Grossly, the outer surface of mucinous cysts appears smooth, lobulated, glistening, and grayish white or whitish blue in color. The cut surface may present a variety of architectural patterns, including a unilocular cyst with internal, sickle-shaped ridges representing the remnants of previous interlocular septa; a multilocular, semisolid neoplasm, with chambers of varying size and honeycombed cystic aggregates projecting into the lumen; or a more solid tumor composed of numer- ous minute compartments that present a spongelike appearance. Internal papillary excrescences are uncommon (10%). The cyst wall is ﬁbrous and of varying thickness. Septa are ﬁrm, ﬁbrous or adenomatous, complete or incomplete. The characteristic ﬂuid is mucoid, viscid, and transparent or cloudy. As a result of bleeding, the ﬂuid contents may assume a red, tan, brown, or black color.
Microscopically, the connective tissue capsule is composed of an outer layer of dense, ﬁbrous tissue and an inner zone, which is looser and more cellular. Evidences of localized degeneration may be noted, including edema, inﬂammation, necrosis, fatty acid deposits, and calciﬁcation. The dividing septa are extensions from the inner zone of connective tissue. A well-differentiated, single-layered epithelium lines the cyst walls and trabeculae. It invaginates into the connective tissue stroma to give an adenomatous appearance. The epithelial lining is composed of tall columnar cells, with deeply staining basal nuclei and abundant acidophilic, ﬁnely granular cytoplasms. Actively secreting goblet cells are scattered irregularly between the columnar cells.
Pseudomyxoma peritonei refers to the secondary implantation on the peritoneum of mucinous tissue, with subsequent local invasion, proliferation, and overproduction of thick, gelatinous, mucinous material, which may ﬁll the pelvis, abdomen, and subphrenic spaces. Pseudomyxoma peritonei may follow rupture of a mucinous cystadenoma of the ovary or a mucocele of the appendix. Recent histologic studies suggest that in the majority of patients the appendix is the primary tumor source. In rare cases, metaplasia by the cells of the peritoneal surface may account for this tumor.

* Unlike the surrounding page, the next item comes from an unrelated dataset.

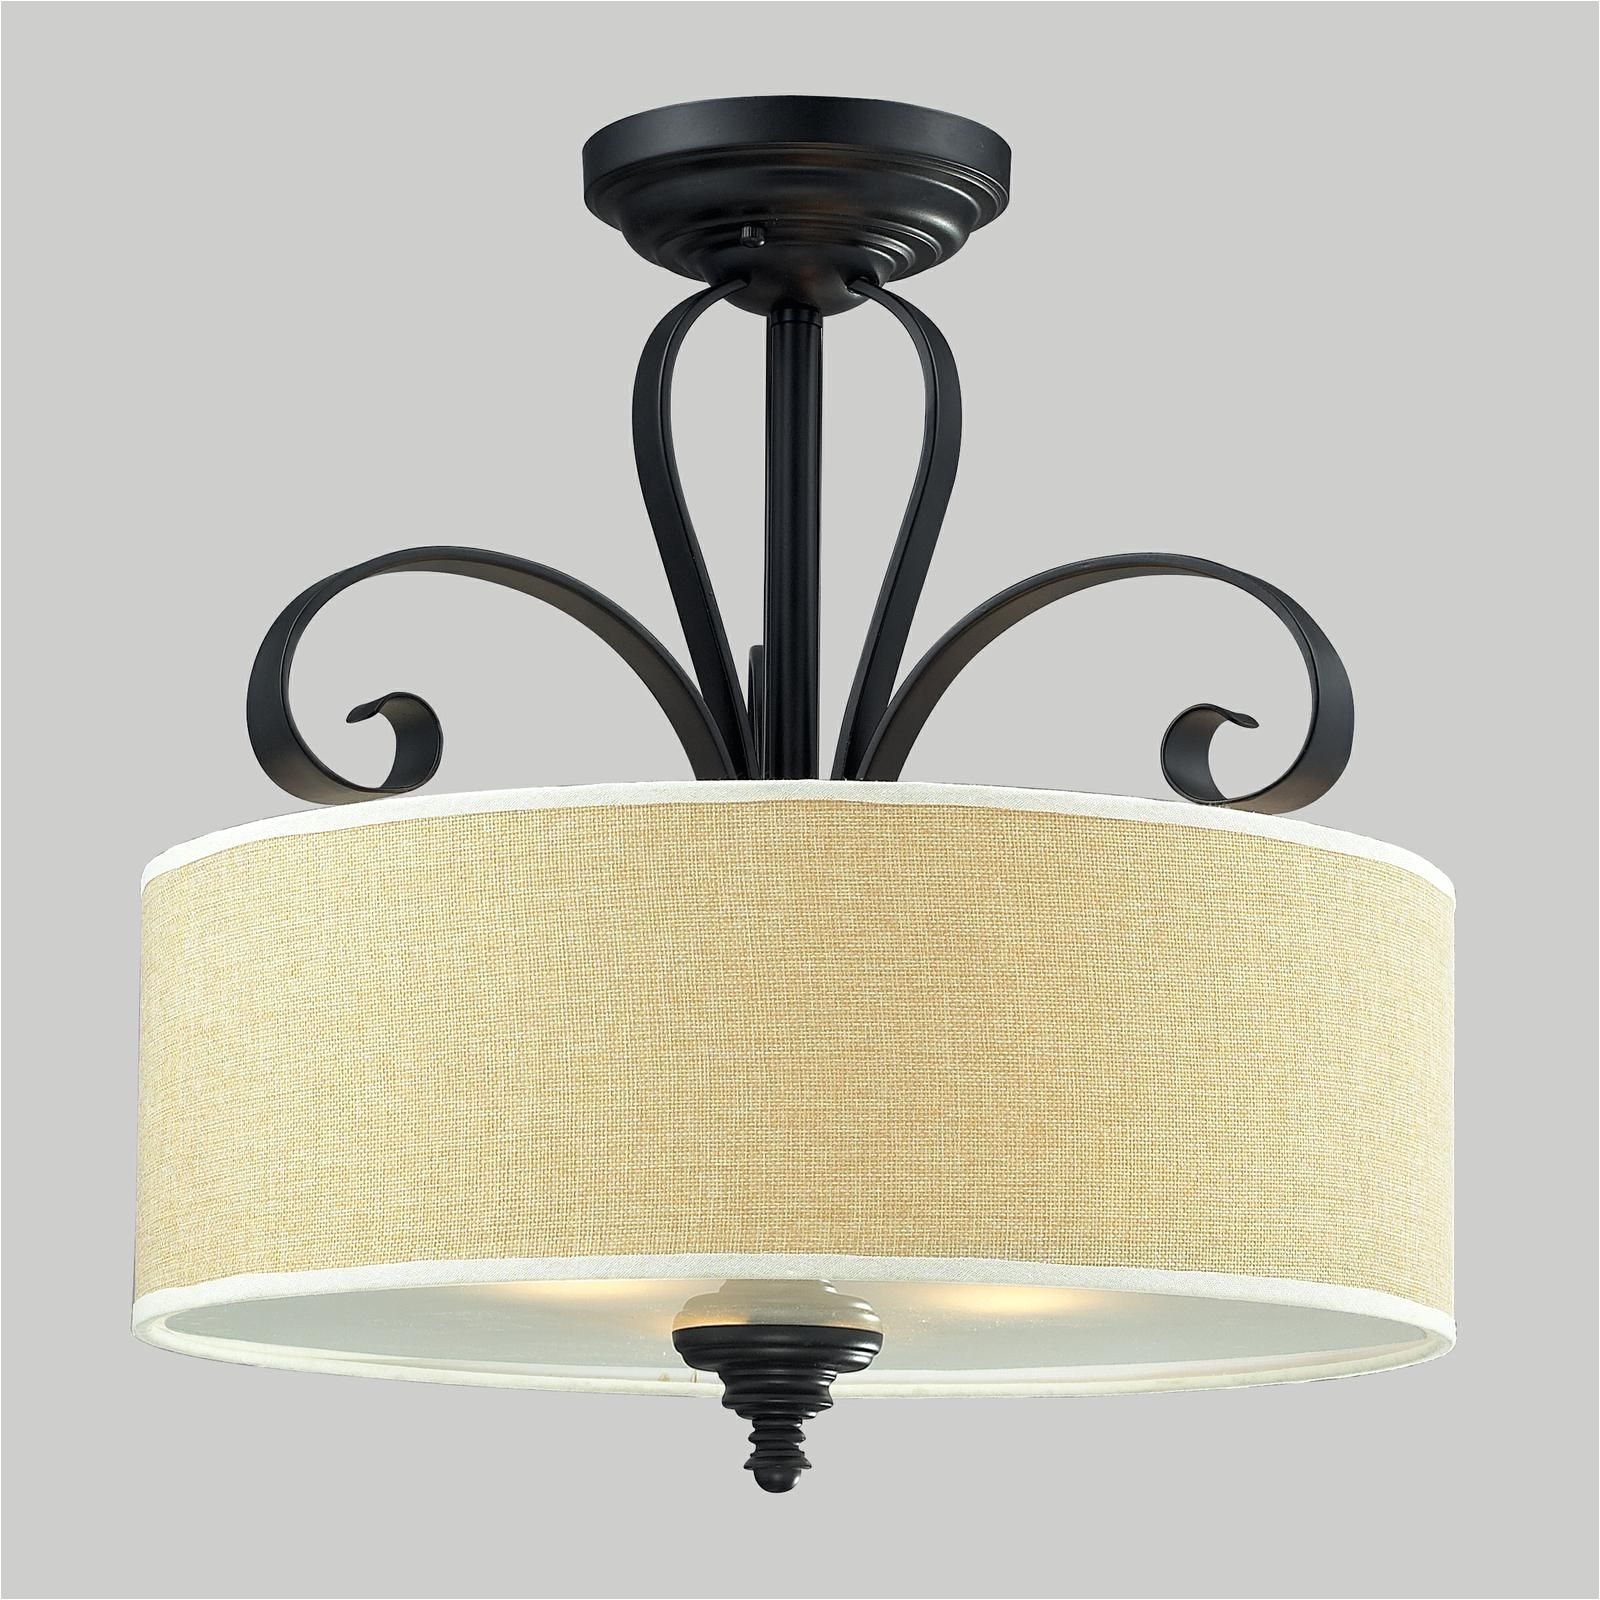 add some southern flare to your home or office space with this elegant 3 light flush mount light fixture from charleston the graceful curves feature a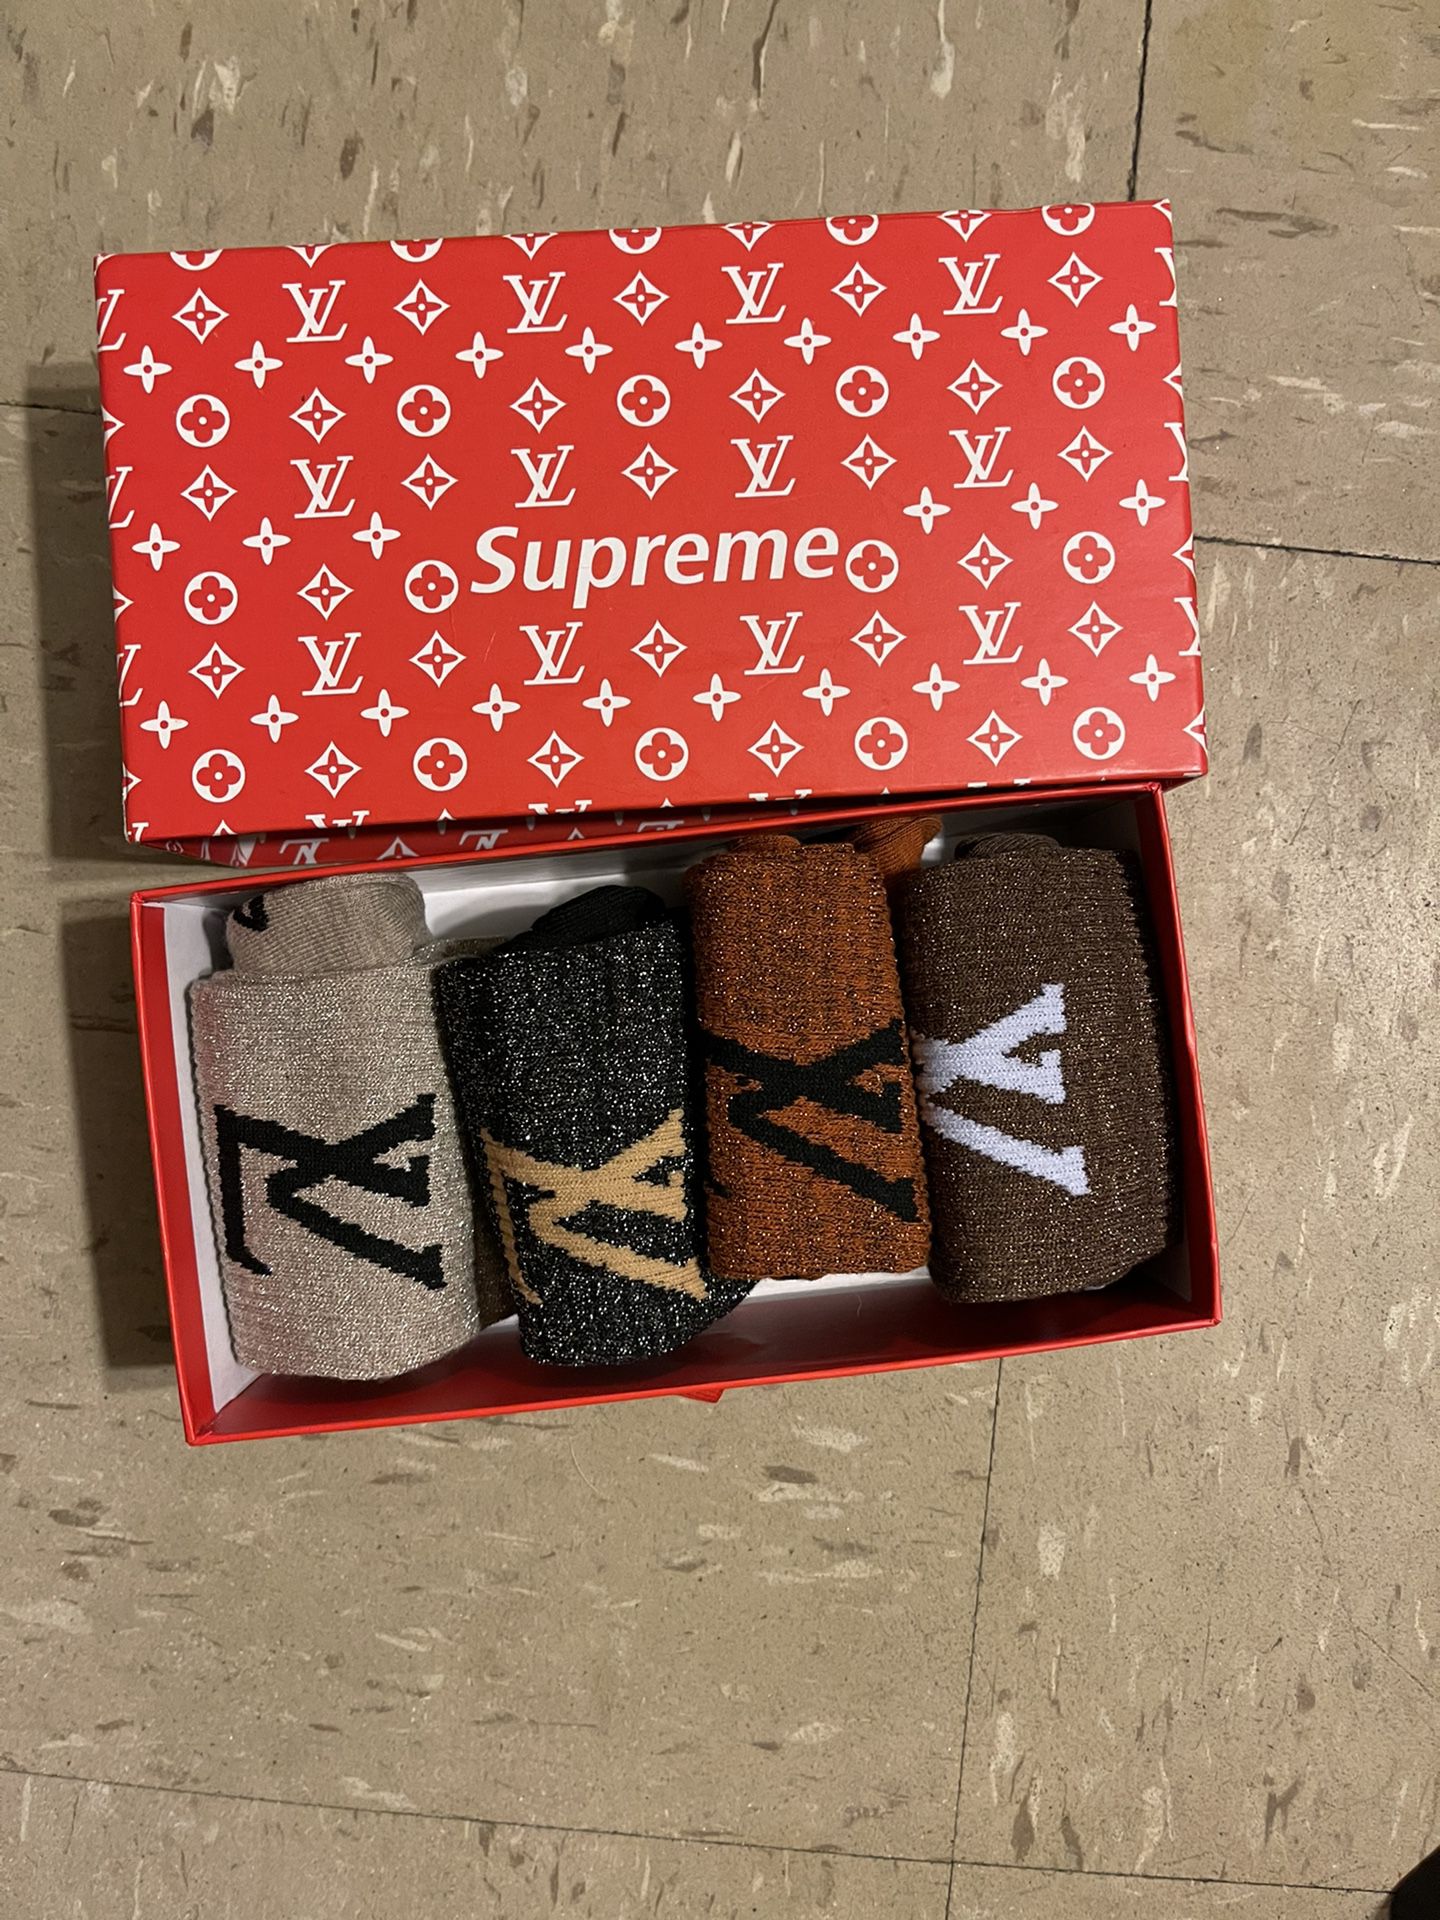 Best Louis Vuitton Supreme Socks for sale in San Clemente, California for  2023

Clinically, pseudomyxoma peritonei may give rise to a progressive enlargement of the abdomen, evidences of increased abdominal pressure, interference with bladder and bowel function, and cachexia. The condition is progressive and, though histologically benign, may cause a fatal outcome owing to mechanical interference. The rate of growth may be rap d, or the progress may be drawn out over many years.